Он страдальчески поморщился: — Послушайте, Вера… прекратим этот идиотский разговор! Мне было бы огорчительно думать, что много лет я люблю безмозглую ненаблюдательную дуру…
* * *
Скольких людей я провожала в дальние и не очень дальние пути из ташкентского двухэтажного аэропорта — неуютного, пропахшего запахами дынь и засорившихся туалетов, забубненного неотличимыми из динамиков голосами на узбекском и русском языках!.. На сколько рейсов я опоздала сама, и сколько кошельков и билетов тут повытаскивала шпана из карманов моих знакомых и друзей, да и из моего собственного кармана, когда с сыном и мужем мы летели в Москву — окончательно и бесповоротно. Ташкент вцепился в мое пальто, чуть ли не отрывая карман, и мы вынуждены были еще раз оплатить украденные билеты, хотя и сидели в самолете на собственных местах, заплатив удвоенную цену за побег из города детства и юности.
Однако перед тем как в восемьдесят четвертом покинуть Ташкент навсегда, я успела побывать в аэропорту на чужих проводах — улетал в Америку Лёня Волошин, близкий приятель моего друга детства Семена Плоткина.
В те месяцы Семен ставил в Ташкентском театре музыкальной комедии сварганенную мною пьеску по мотивам узбекских народных сказок, и однажды после репетиции уговорил меня смотаться в аэропорт: «Проводим Лёньку, ты не представляешь, что это за парень — какого мужества человек, без трепотни и позы!..»
И пока мы тряслись в троллейбусе по проспекту Шота Руставели, Семен рассказывал, что много лет Волошин хранил у себя в подвале библиотеку запрещенной литературы сидевшего в то время правозащитника Жени Горелика. И зная, что за домом того следят, за день до обыска успел с безумным бесстрашием ночью вывезти на своей машине весь самиздат-тамиздат. И мама его замечательная знала, знала — оба они под дамокловым мечом жили!.. А как он боролся за свободу выезда, — хотя сам много лет был невыездным, — ездил в Москву, участвовал там в демонстрациях, голодовках… — но как-то уцелел, вывернулся, фантастически везло ему, хотя несколько раз ходил по самому краю… А может, сыграло роль то обстоятельство, что Маргарита Исаевна оперировала половину Узбекистана, в том числе и деток всей этой гэбэшной сволочи… И вот Лёнька уезжает… И правильно — что ему здесь сидеть! Там ждет его ослепительное будущее. Он же гений, настоящий математический гений!
Настоящий гений, окруженный огромной толпой провожающих (такого я еще не видала, только на парадах и праздниках) с растерянным видом приобнимая за плечи мать, высматривал кого-то в стеклянных дверях главного входа… Я узнала Маргариту Исаевну, которая вырезала гланды и аденоиды доброй половине моих знакомых и друзей… Она вздрагивала каждый раз, когда динамик начинал бубнить что-то по-узбекски, и нервно говорила:
— Лёня, объявили посадку! Мы опоздаем, Лёня!

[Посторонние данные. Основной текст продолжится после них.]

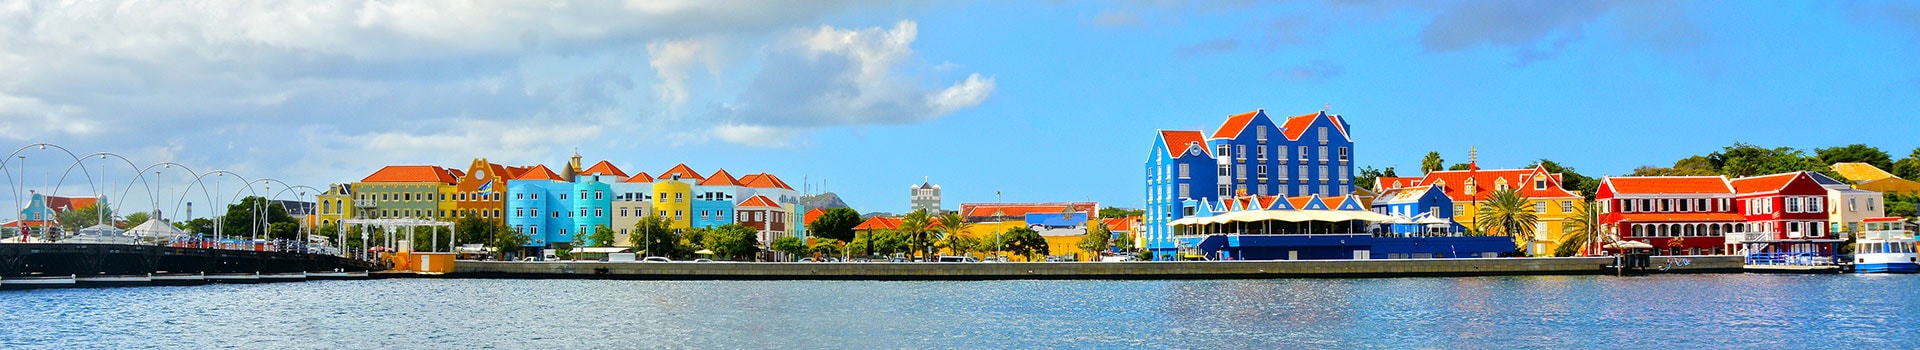 Lissabon - Willemstad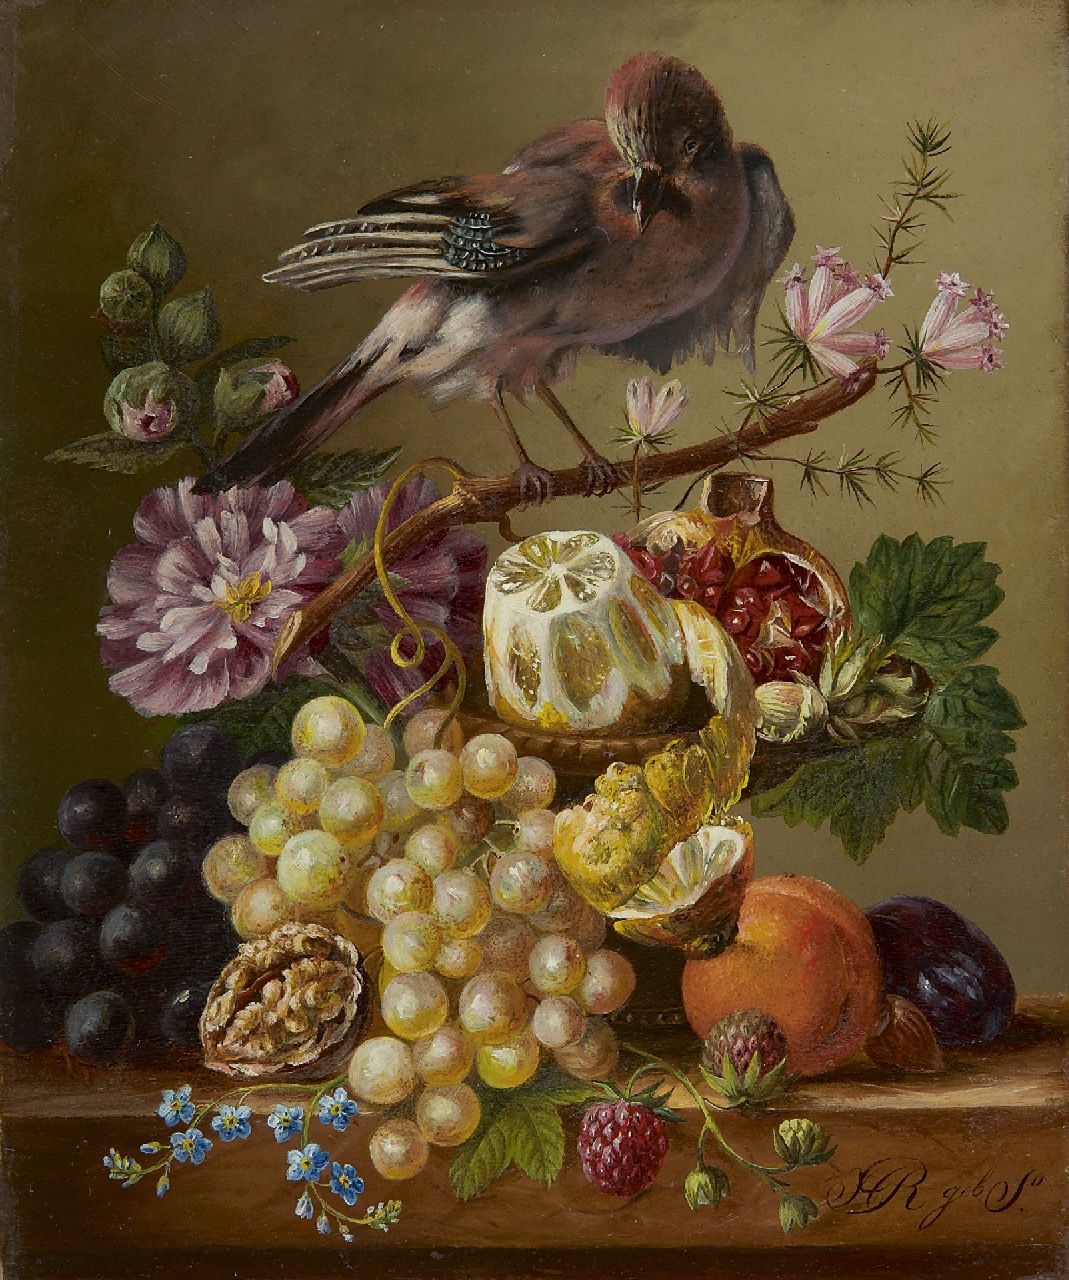 Onbekend   | Onbekend | Schilderijen te koop aangeboden | Stilleven met vruchten en Vlaamse Gaai op een tak, olieverf op paneel 21,5 x 18,0 cm, gesigneerd rechtsonder 'H R geboren S'

А он, возвышаясь над головами, все смотрел и смотрел на двери аэровокзала.
И вдруг в эти двери вошла высокая молодая женщина, в которой я не сразу признала художницу, Щеглову, с которой у нас были самые разные общие знакомые и друзья, вот, оказывается, и Волошин… Она остановилась поодаль, у колонны, и Лёня рванулся к ней; буквально с минуту, не больше, они близко стояли друг перед другом и говорили, почти не разжимая губ: он — разом побледневший, вымученно улыбаясь, поминутно поправляя большую роговую оправу очков; она — с совершенно опрокинутым лицом, пружинисто приподнимаясь и опускаясь на носках, словно пытаясь так заглянуть в его лицо, чтобы увидеть его с иного, одной ей известного, ракурса…
Вдруг резко повернулась и направилась к выходу.
Он, видимо, окликнул ее, а может, саму потянуло взглянуть на него еще раз. Но только перед тем, как шагнуть наружу, она обернулась, и оба они, как по команде, подняли руки, и так, неподвижно, держали их, словно на расстоянии передавали что-то из ладони в ладонь…
— Лёня, скорей, объявили посадку!!! — истерически крикнула Маргарита Исаевна.
И все мы пошли в толпе пассажиров и провожающих — с чемоданами, баулами, узлами и рюкзаками.
Одного из пассажиров, довольно пьяного спотыкливого дядьку, вели друзья, подталкивая в спину, как бы выпирая в полет, делегируя в небеса от своей компании алкашей. И позже, стоя за барьером, все наблюдали, как он взбирается по ступенькам трапа, то и дело оборачиваясь, сцепив обе руки, помахивая ими в сторону толпы провожающих — мол, я с вами, друзья!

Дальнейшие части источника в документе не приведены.